Essential Reading for Marketers: ‘The Pirate Inside’ by Adam Morgan

Essential Reading for Marketers: ‘The Pirate Inside’ by Adam Morgan

Following the runaway success of business sales success and marketing eating the big fishAdam Morgan has now brought us the next stage of his vision in The Pirate Inside – Building a Challenger brand culture within you and your organization.

What Morgan establishes in the pirate within is a clear, easy-to-read guide to shifting from a traditional, unwieldy corporate model to a sleeker, more successful Challenger culture. As such, the pirate within is a primer for anyone who has felt they could build something more out of their brand, were it not for the sometimes myopic demands of management or shareholders.

Although the concept of the Challenger business has become an established component of marketing jargon of late, it is worth reviewing Morgan’s own definition before delving further into it. the pirate within. According to Morgan, a Challenger is a brand or company that is positioned in such a way that it competes successfully against one or more clear market leaders, despite the inequity of its available resource. Furthermore, the Challenger accomplishes this by refusing to obey some or all of the traditional ‘rules’ of its category or market.

Where eating the big fish sought to detail the behavior and attitudes that belong to a successful Challenger, the pirate within is concerned with the practical aspects of transformation into such a brand or business. Morgan does not assume that his reader is intimately familiar with eating the big fishensuring instead that an analysis of processes and requirements is combined with a wide range of case studies to provide a step-by-step path for the reader to achieve the key aspects of a Challenger culture and attitude.

Having said this, the pirate within assumes that the reader knows enough about the advantages and disadvantages of the Challenger business model to recognize its value to their business. As such, the book spends little time extolling the virtues of a Challenger approach per se, though exceptions do occur where Morgan seeks to help the reader implement a greater understanding of the benefits of it within his own organization. .

The book’s title is taken from a comment made by Steve Jobs during an interview that said, “It’s more fun being a pirate than joining the Navy.” Although Morgan could sometimes be accused of working the metaphor too forcefully, his affiliation to the pirate within it is generally very successful. He begins by asking what draws so many of us to the idea of ​​hacking—the freedom and dangers of living off the beaten path—and goes on to examine the factors that keep us from embarking on that career path. These factors are summed up in what Morgan calls: “The six excuses people make to stay in the Navy: doing what everyone else has always done.”

At the same time, the pirate within he intends to take Jobs’ statement a step further, arguing that it is possible to combine the two cultures of pirate and sailor. Morgan accepts that while there will always be born ‘hacks’ like Jobs or Branson, most of us are much less comfortable with the idea of ​​changing security within a company established by the risks of corporate life like the captain of ours. . ship. It’s a key idea and indeed a flaw in the book is perhaps that Morgan could afford to be more explicit in his rebuttal of this ‘either/or’ mentality.

A primary concept within the pirate within it’s that success for a brand like Challenger depends on its people embracing a new ‘personal and cultural model’. At this point, it is worth digressing to note that, throughout the book, Morgan insists that we view such action as: “the deliberate move from a less suitable and successful model… to one that is more appropriate to the opportunity for the brand.” Even pirates, it seems, have some rules.

Be that as it may, the inclusion of the ‘personal’ is central to Morgan’s account: throughout the book, he makes it clear that such change cannot take place without significant engagement from the potential catalyst; both to his brand and to a potentially high degree of personal exposure. This is not a book from which the reader can walk away with a couple of pithy sentences and an exercise or two, secure in his mind that he has thus done his business well.

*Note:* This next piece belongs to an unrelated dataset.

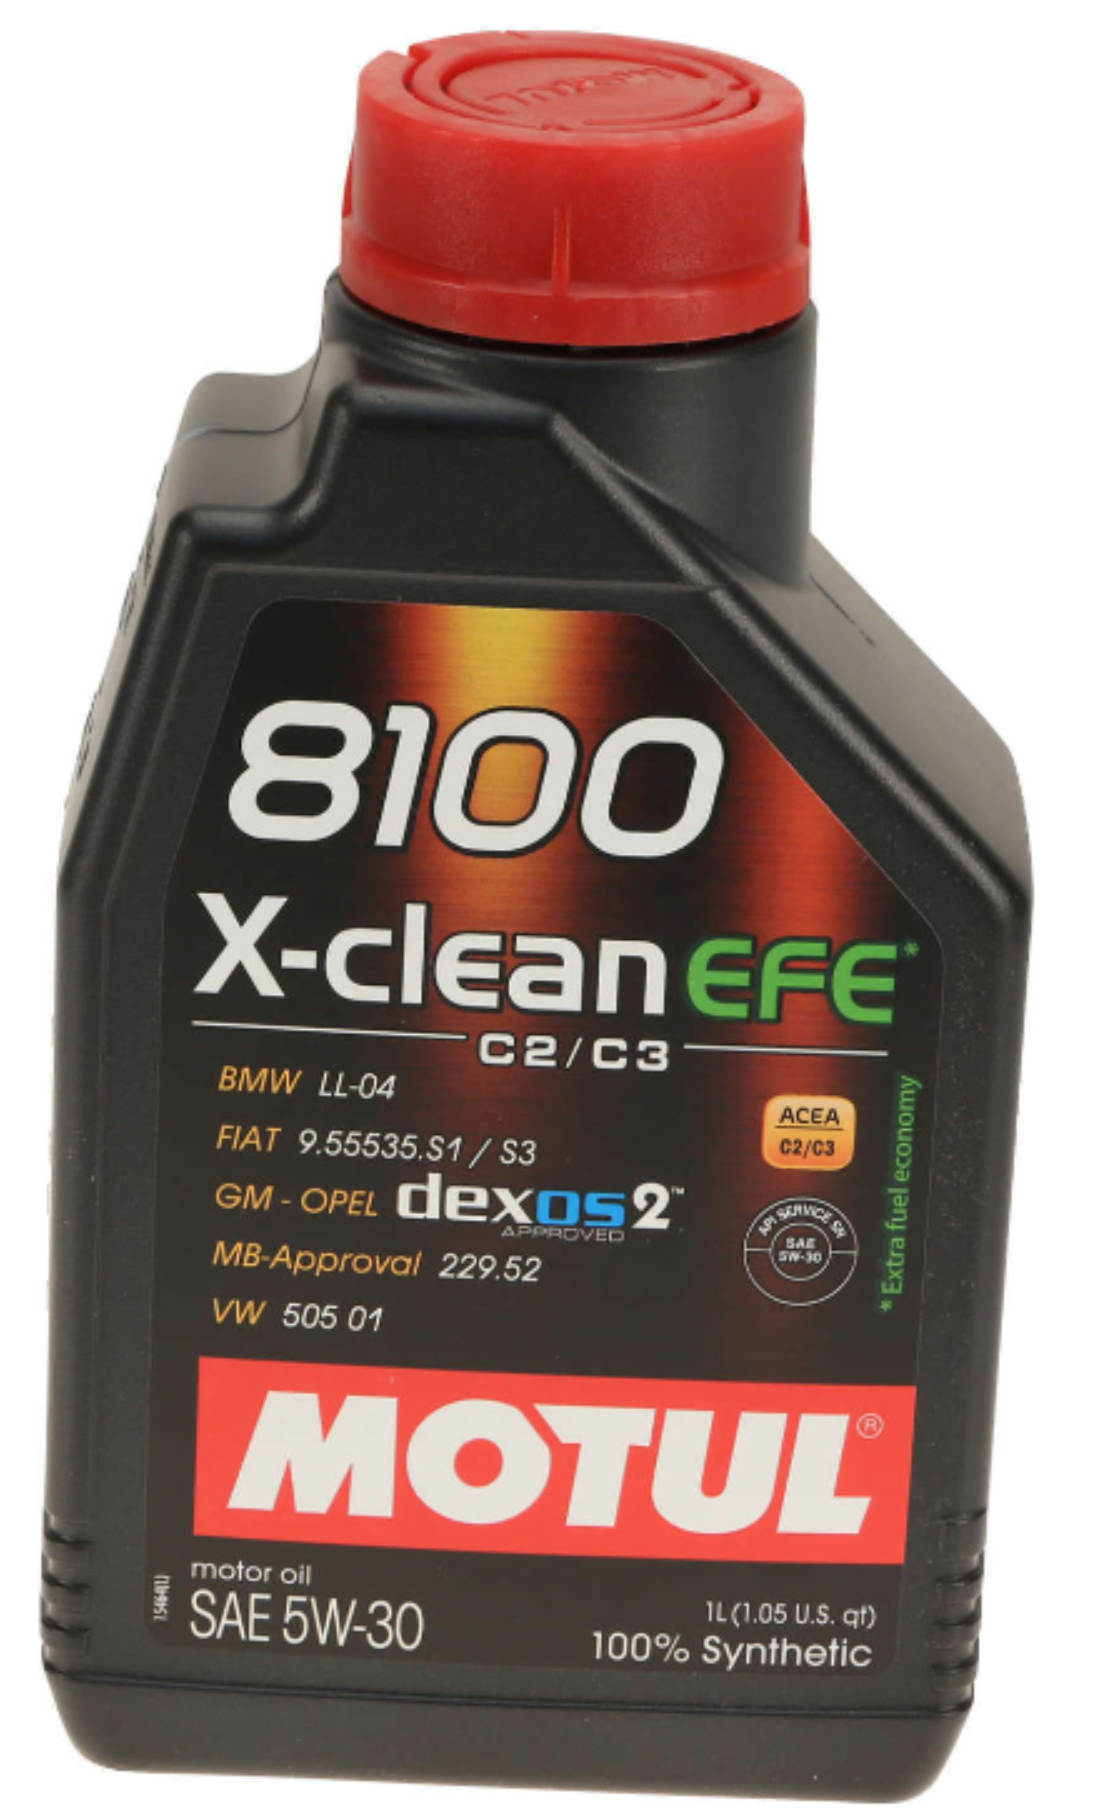 Motul 8100 X-CLEAN EFE Synthetic 5W-30 Motor Oil, 1 Liter

Instead, the pirate within is intended to help those of us who have longedly thought about paradigm-shifting, mold-breaking, and parameter-breaking, but have little to no idea how to approach such violent activities.

To answer that question, Morgan has included case studies from both the UK and the US, drawn from a diverse selection of industries. In doing so, he makes sure that all but the most widely read of us walk away with something new. Interviews with the key personnel behind each example provide valuable insight, not only about the brands and businesses in question, but also the personalities who are drawn to offer such engagement with them.

If nothing else, even the most jaded readers should enjoy the anecdotes and lessons provided by some of these industry leaders, proving that even the best business minds haven’t always had an easy road. For the rest of us the pirate within is a book that gives marketers in any industry or background an entrepreneurial vision to be proud of, and far less reason than before to justify abandoning it.